## Information shown
▬▬▬▬▬▬▬▬▬▬
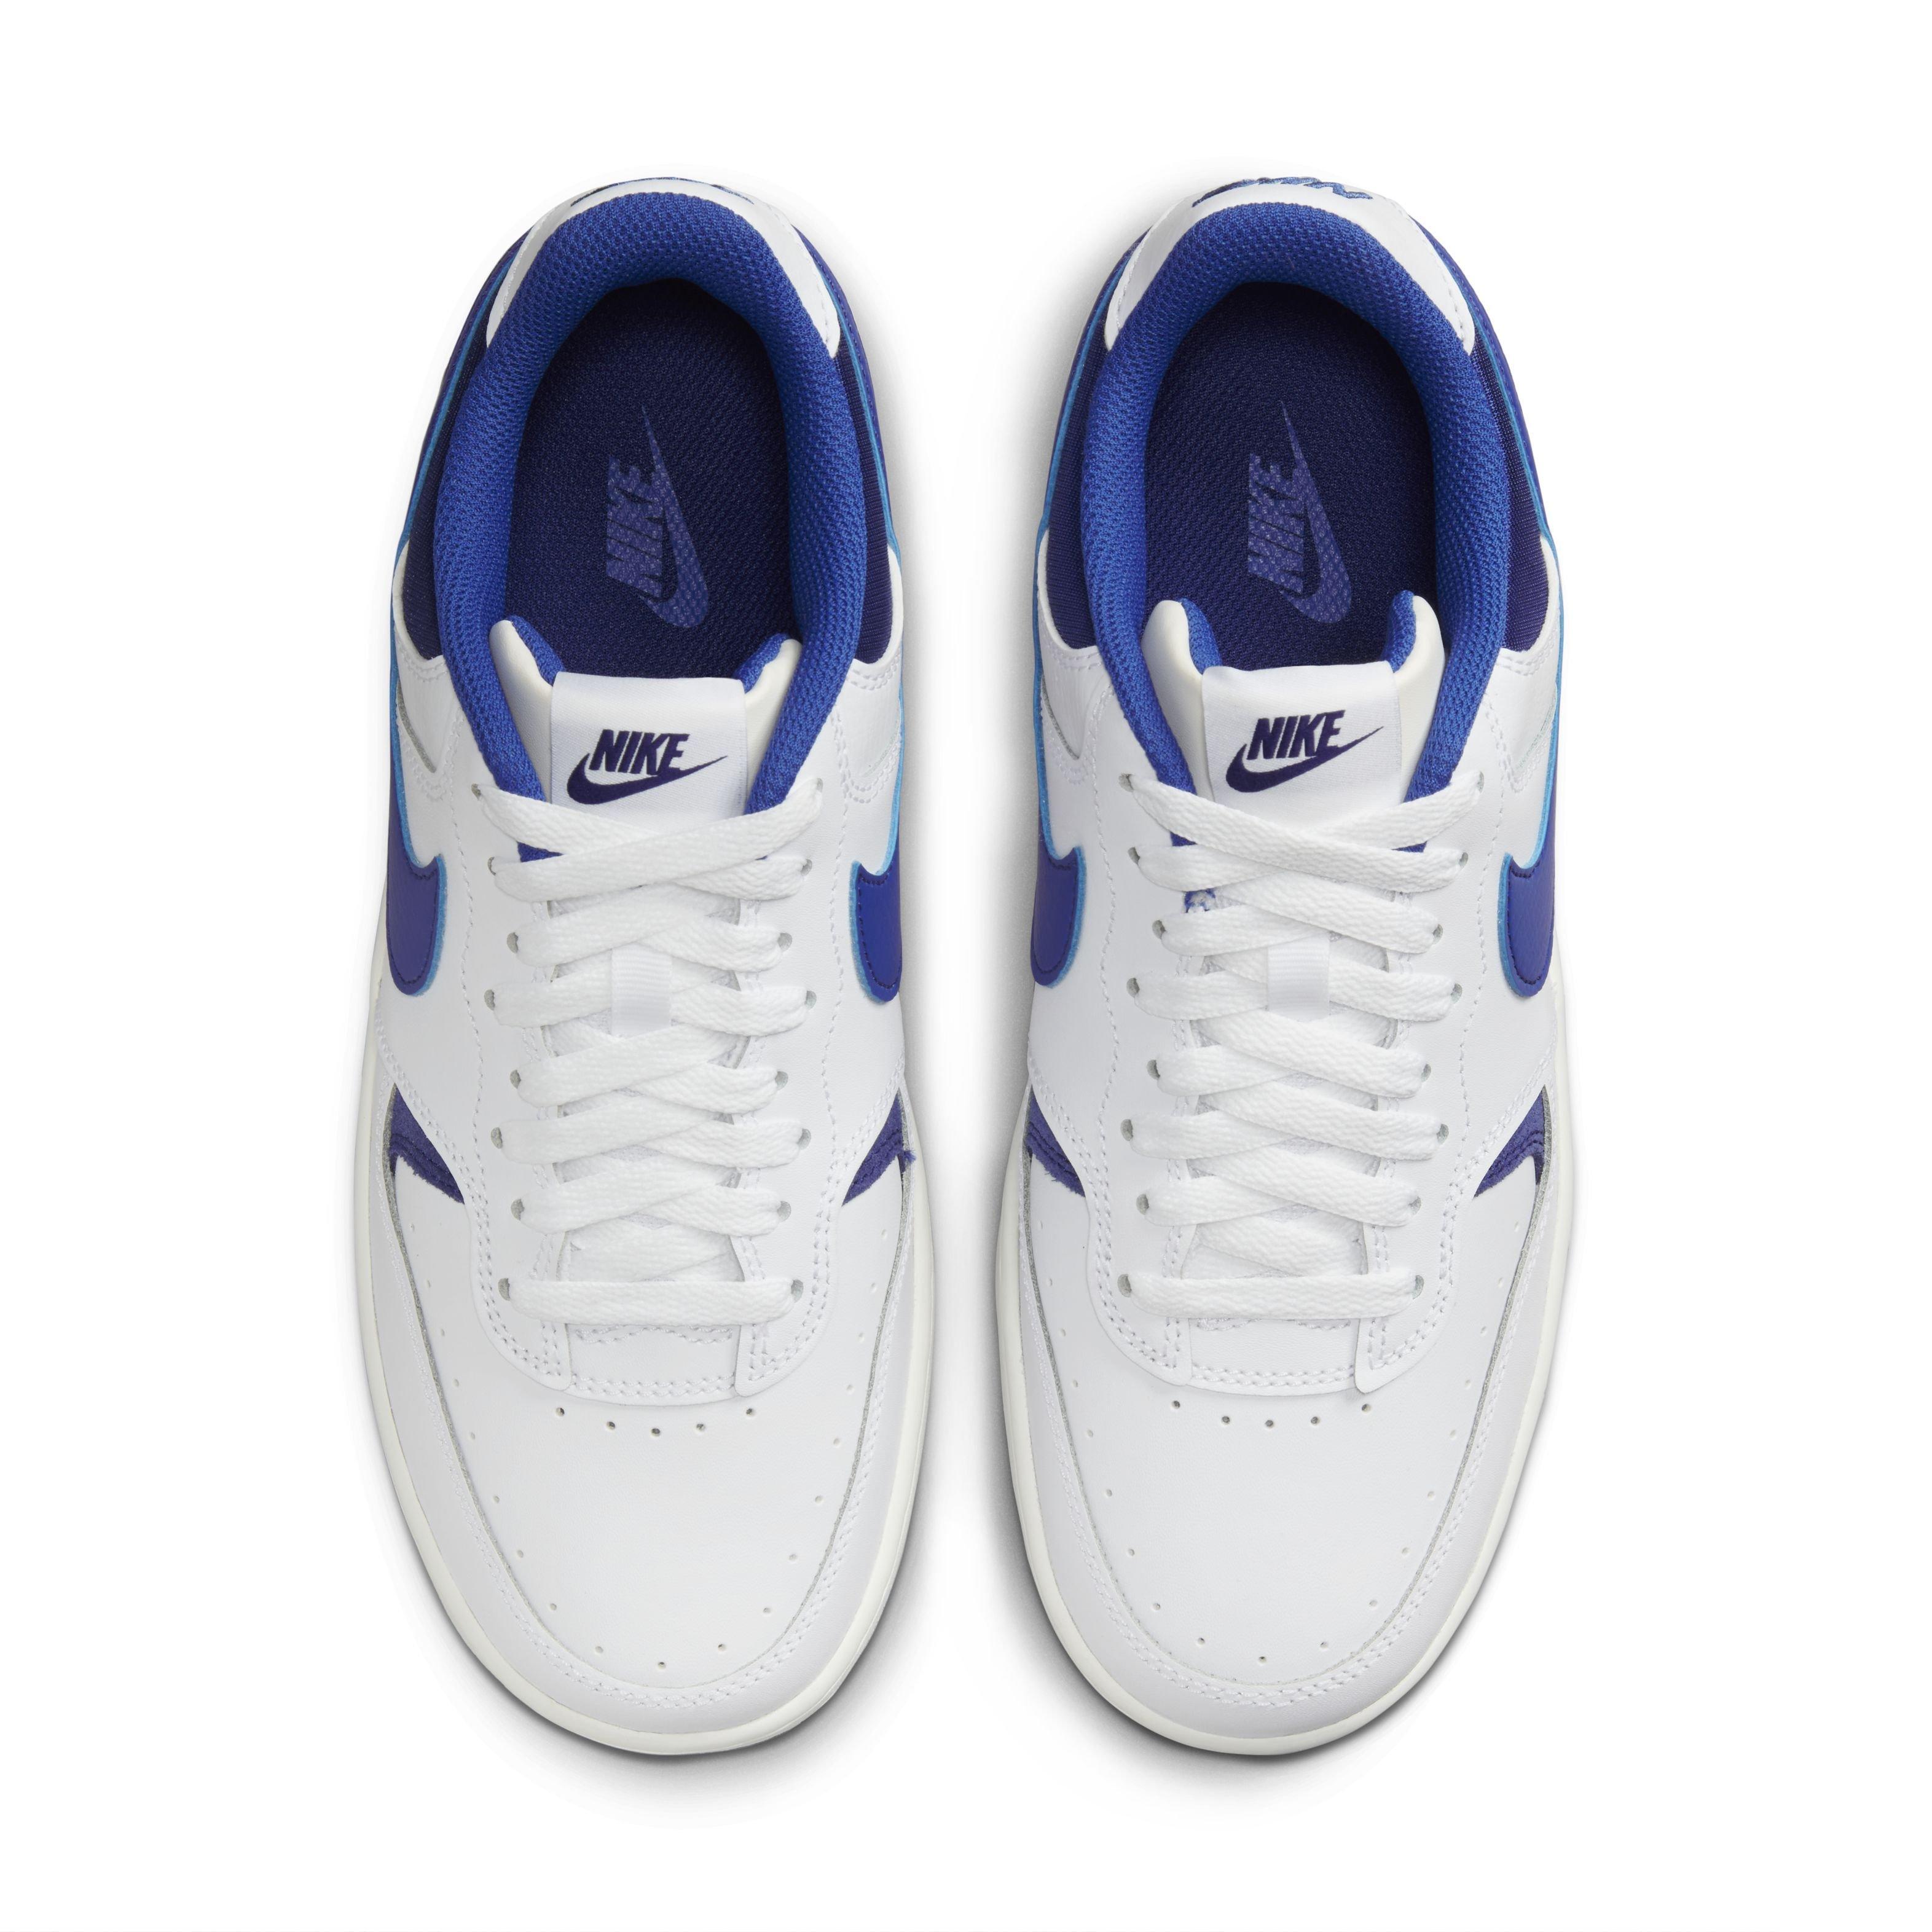 Nike Gamma Force trainers in white and game royal blue
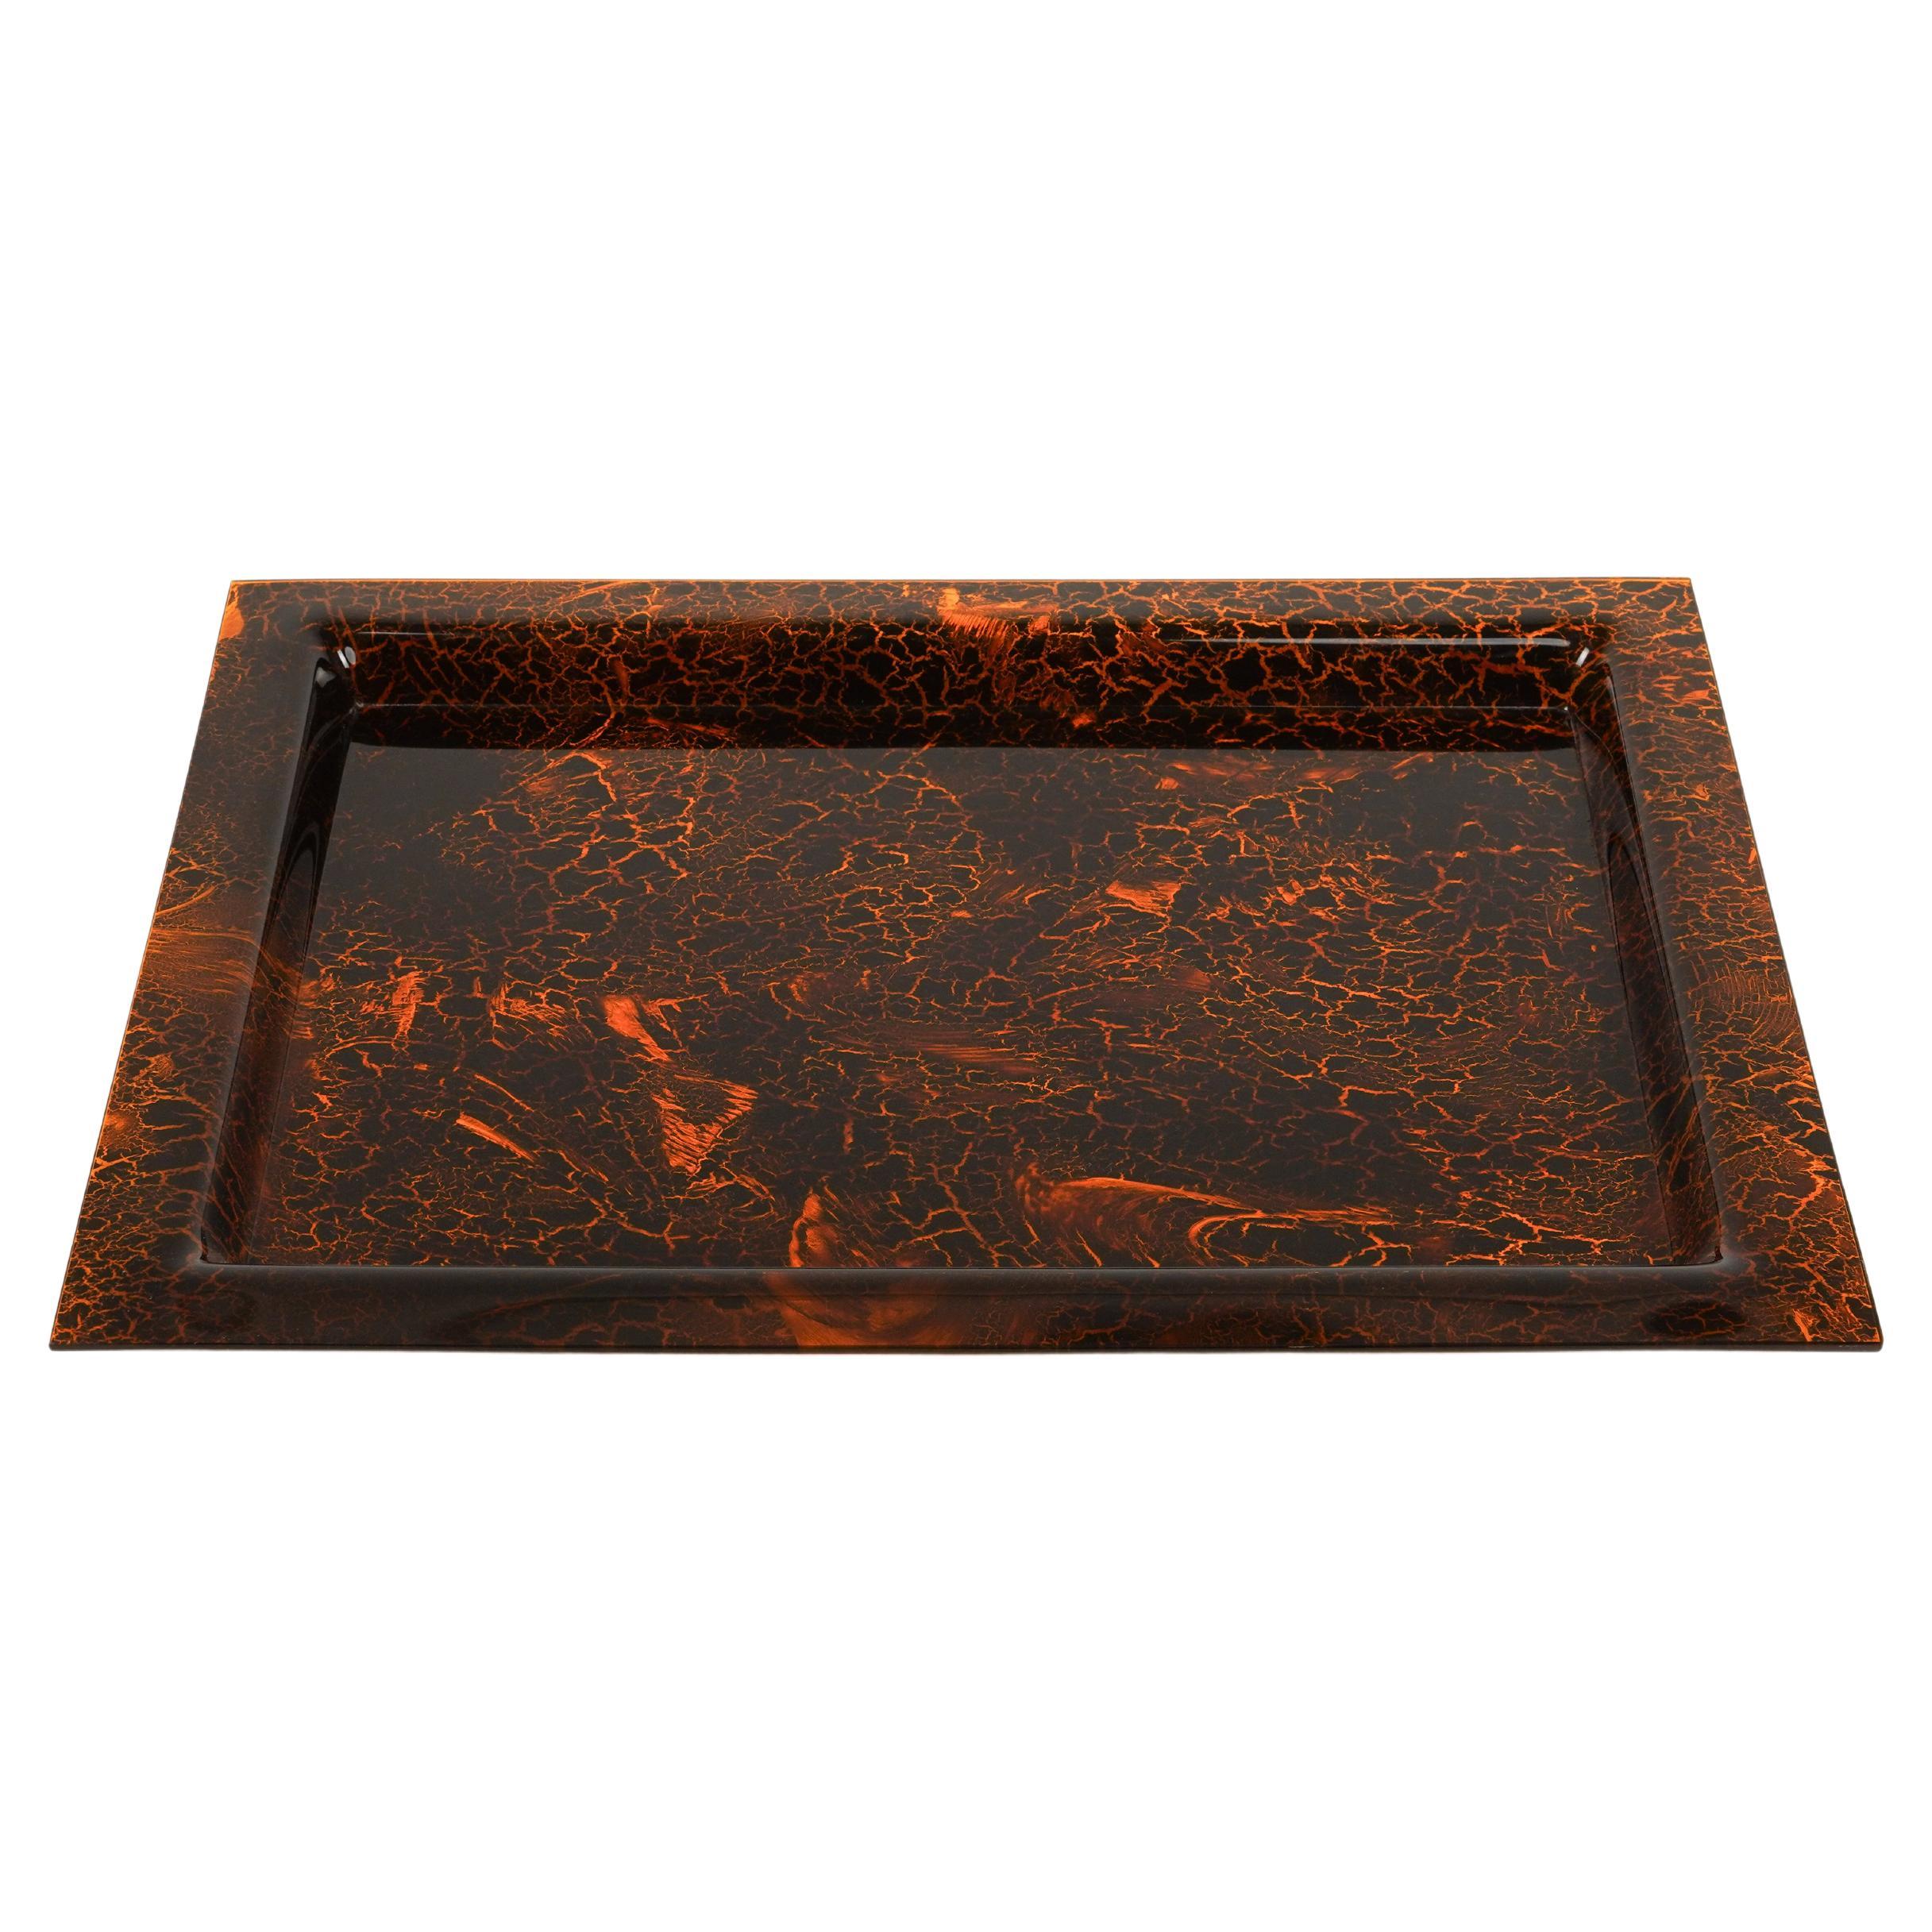 Serving Tray in Effect Tortoiseshell Lucite Christian Dior Style, Italy 1970s
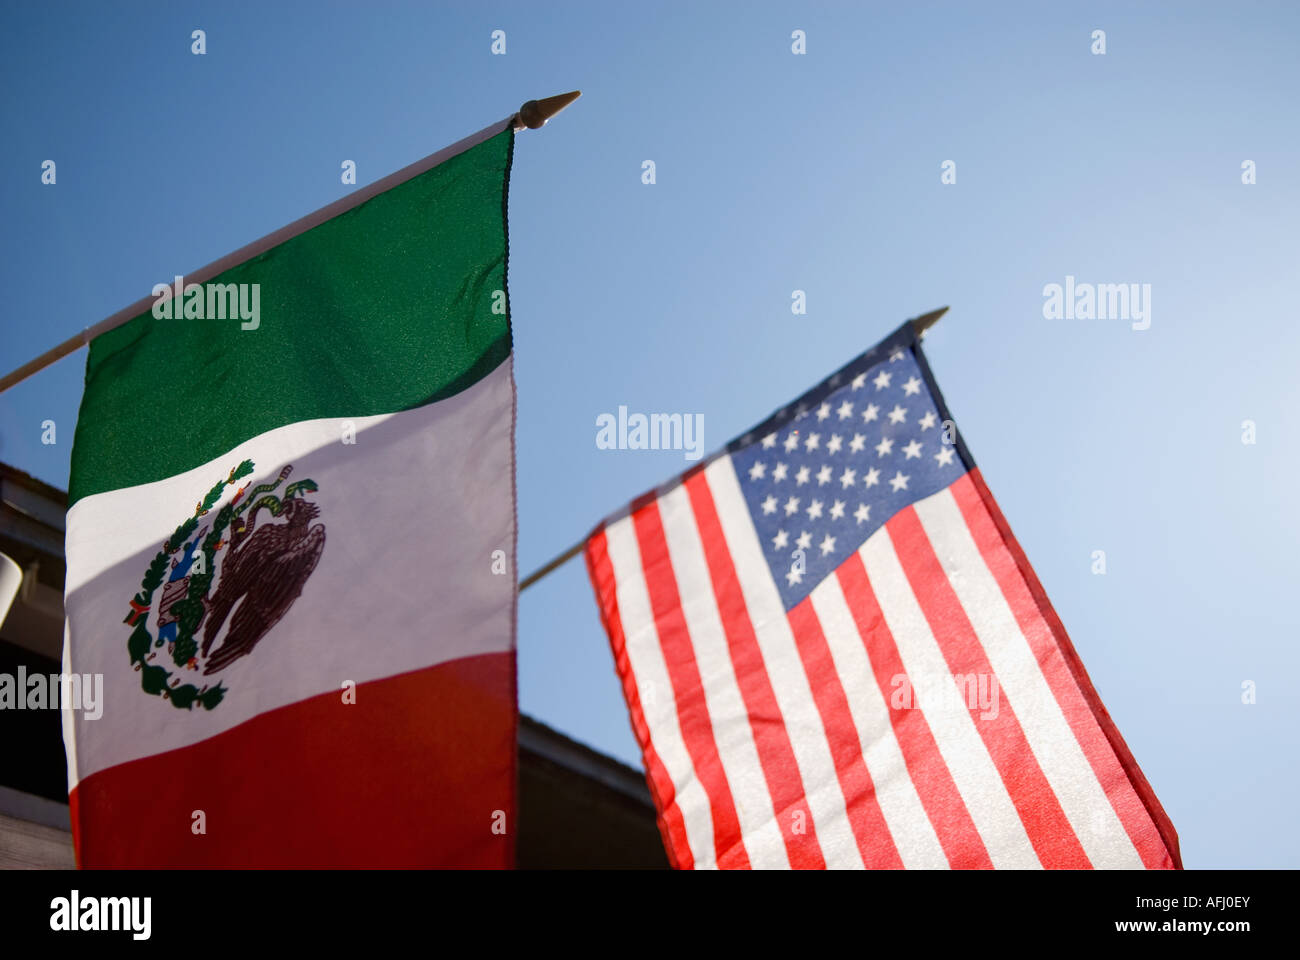 Low angle view of an American flag and a Mexican flag Stock Photo
▬▬▬▬▬▬▬▬▬▬
## What needs to be done
What you return must match the data above exactly, with no images included.

## Output below
 Nike Gamma Force trainers in white and game royal blue
 Serving Tray in Effect Tortoiseshell Lucite Christian Dior Style, Italy 1970s
 Low angle view of an American flag and a Mexican flag Stock Photo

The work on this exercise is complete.